Having returned to France after six years spent living in America, I experienced the pain of learning that Pierre Kaan and Amédée Dunois, deported to Germany, would never come back, victims of their devotion to a certain vision of France.

==Honours and decorations==
In recognition of the operations Pierre Kaan led and undertook during the war, Kaan received three French and one British decoration. On 12 May 1948, the official journal of the French Government announced that Kaan had been posthumously decorated with Knight of the Legion of Honour, Medal of the Resistance with Rosette, War Cross with silver palm. In the same year, the British Government also decorated Kaan posthumously with the King's Military Commendation for Brave Conduct.
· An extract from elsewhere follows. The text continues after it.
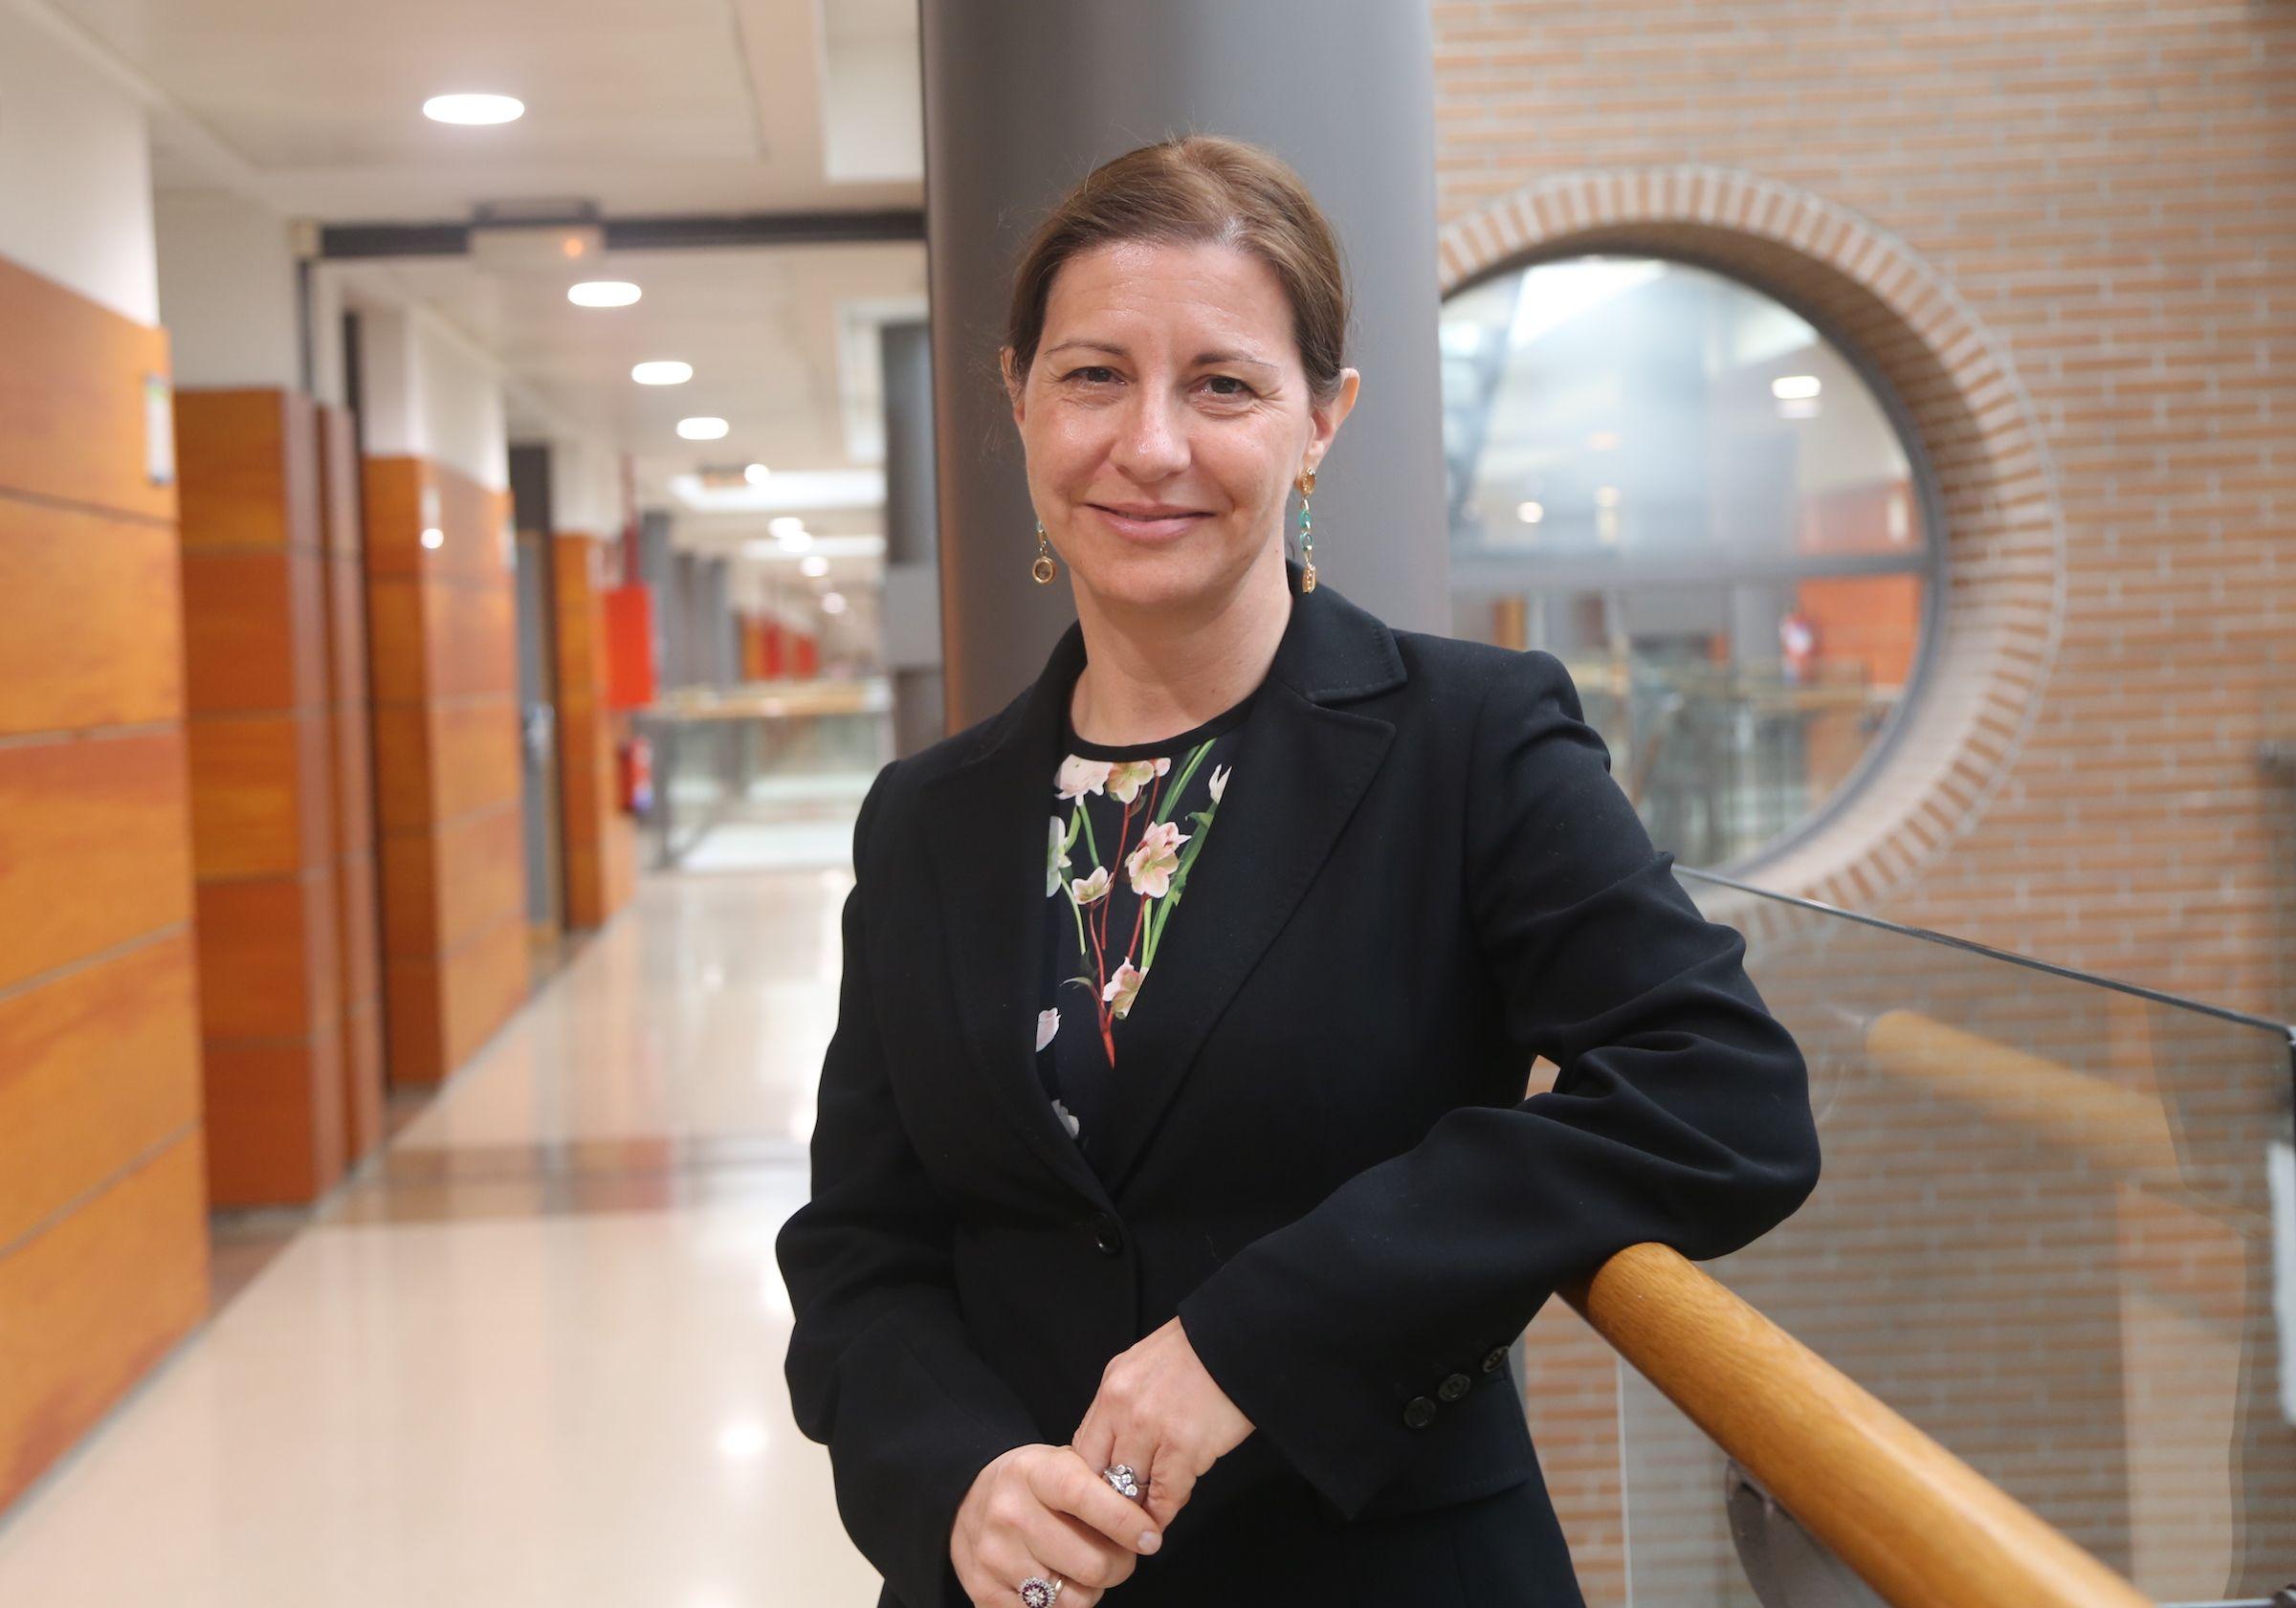 Susana Sanz, nueva juez 'ad hoc' del Tribunal de Estrasburgo, en la Facultad de Derecho y Ciencias Políticas de la CEU UCH, de la que es catedrática.

| Ribbon | Medal | Decoration | Country |
|---|---|---|---|
|  |  | Knight of the Legion of Honour | France |
|  |  | Medal of the Resistance with Rosette | France |
|  |  | War Cross with silver palm 1939–1945 | France |
| NA |  | King's Military Commendation for Brave Conduct | United Kingdom |

==Publications==

===Articles===
- Kaan, P., 1928. 'Étude sur l'ouvrage d'Henri de Man: Au-delà du Marxisme'. Bulletin Communiste, No. 27–28, April–July.
- Kaan, P., 1931. 'Dogme et verité'. La Critique Sociale, No. 2, July, pp. 53–55.
- Kaan, P., Laurat, L., 1931. 'A propos des lettres de Sorel'. La Critique Sociale, No. 3, October, pp. 107–?.
- Kaan, P., 1933. 'Matérialisme et communisme'. La Critique Sociale, No. 8, April, pp. 67–69.
- Kaan, P., 1939. 'La logique de l'irrationalisme'. In: François George ed. 1987. La Liberté de l'Esprit: Visages de la Résistance. Lyon, France: La Manufacture.
- Kaan, P., 1940. 'Stalinisme ou hitlérisme dans une Europe organisée'. Les Nouveaux Cahiers, April, No. 56. Reprinted in 1998 in Commentaire, 'Mémoire et oubli du communisme', p. 379.

===Translations===
- Kaan, P., Duff, A.B., 1926. l'Exemplar Humanae Vitae by Uriel Da Costa.